Но это уже не допущение, а факт — мода ждать от августа каких-нибудь гадостей прошла лет десять назад, и уже не все помнят, как в нулевые августовское суеверие становилось темой самых серьезных статей и вообще высказываний. В августе был ГКЧП, в августе был дефолт, в августе был «Курск», в августе началась вторая чеченская война, в августе были теракты накануне Беслана, в августе была Грузия и «принуждение к миру» — месяц действительно особый, но с некоторых пор все неприятности равномерно распределились по календарю. «Зимняя вишня» была не в августе, как мы помним. Или уже не помним? Собственно, в связи с «Зимней вишней» я и задумался об исчезнувшей привычке ждать плохих новостей от августа, и дело не только в том, что это было весной, а в том, что прошло полгода, и никто уже ничего не помнит, хотя тогда казалось, что это навсегда. И это уже спор о яйце или курице — что первично, календарное перераспределение бед или перемены в отношении общества к ним. Исчез страх, исчезла тревога — беды при этом не исчезли, они как случались, так и случаются. Но общество, которое раньше, мы помним, пластом лежало после того же «Курска» и до сих пор вздрагивает, когда ему об этом напоминают, теперь после любой беды невозмутимо живет дальше и спешит все забыть. Вспомните взрыв самолета над Синайским полуостровом — трудно же вспомнить? А это была самая страшная авиакатастрофа в истории России, большего количества жертв не было никогда и нигде.

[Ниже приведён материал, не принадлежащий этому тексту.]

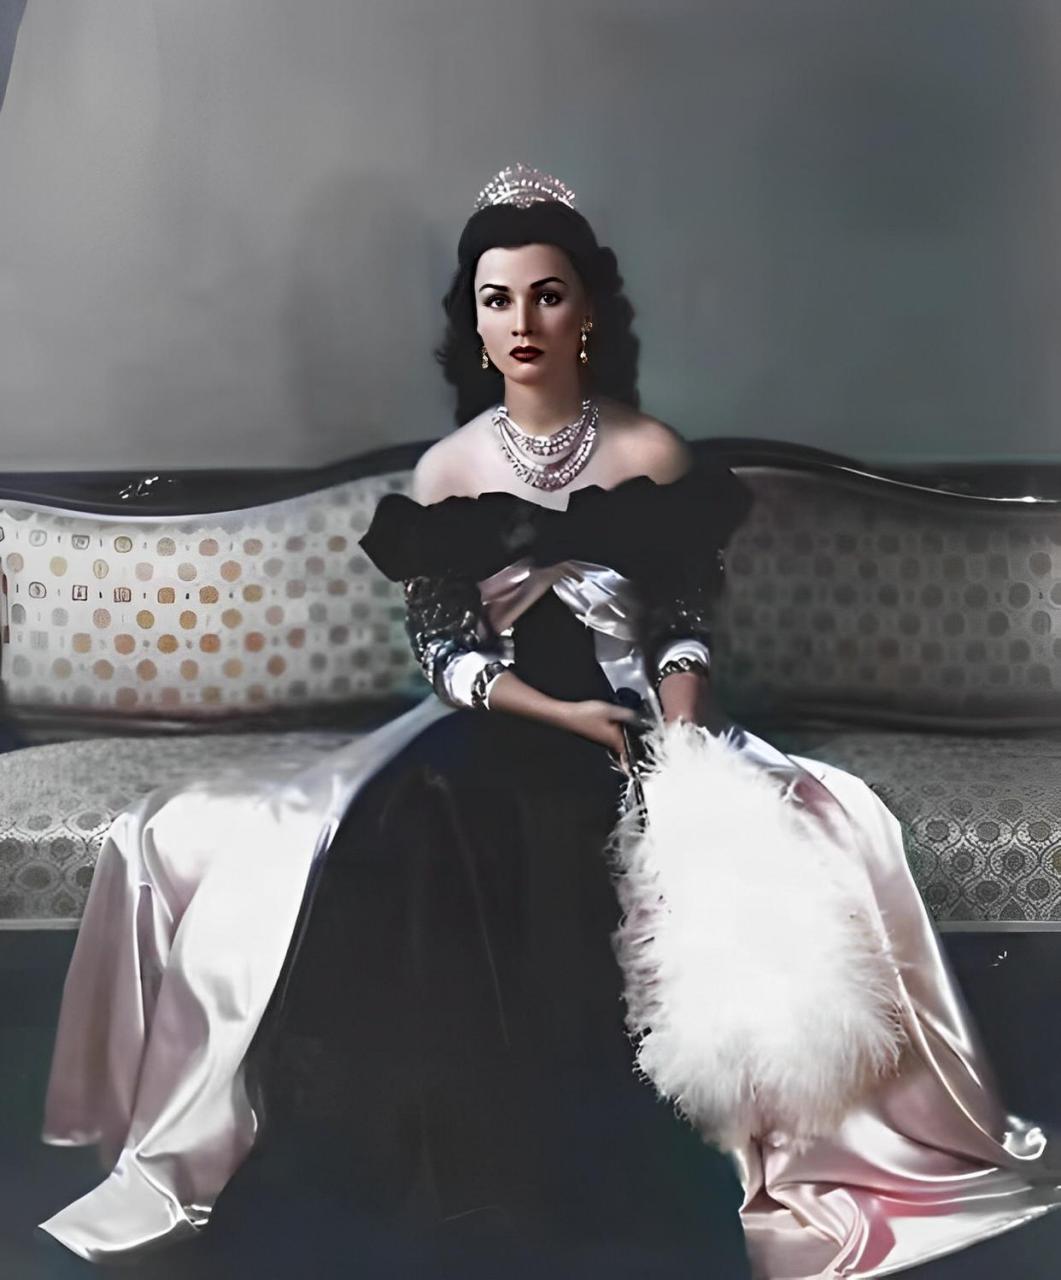 伊朗末代皇后法丝亚,在此之前她本是埃及公主,照片中不难看出她非常

Что-то поменялось. Если страх исчез, то, наверное, появилось бесстрашие, да? Но это бесстрашие равнодушных, бесстрашие нулевой эмпатии. Может быть, все дело в том, что тревоги и страхи возможны только там, где есть надежды — а надежд за эти годы стало ощутимо меньше. Постсоветская Россия всегда так или иначе жила ожиданием перемен — хороших, плохих, неважно, а теперь ожидание перемен куда-то делось — наверное, страхи и тревоги ушли вместе с ним. Я как-то недавно уже вспоминал анекдот про голос на кладбище — «я когда жив был, тоже боялся». Вот, наверное, эта формула сейчас уже применима к нашему обществу.

И, видимо, поэтому я и не боюсь сглазить — когда я говорю в начале августа, что люди уже не боятся этого месяца — вообще это не оптимизм, а пессимизм. Моя августовская пессимистическая колонка — для издания Republic.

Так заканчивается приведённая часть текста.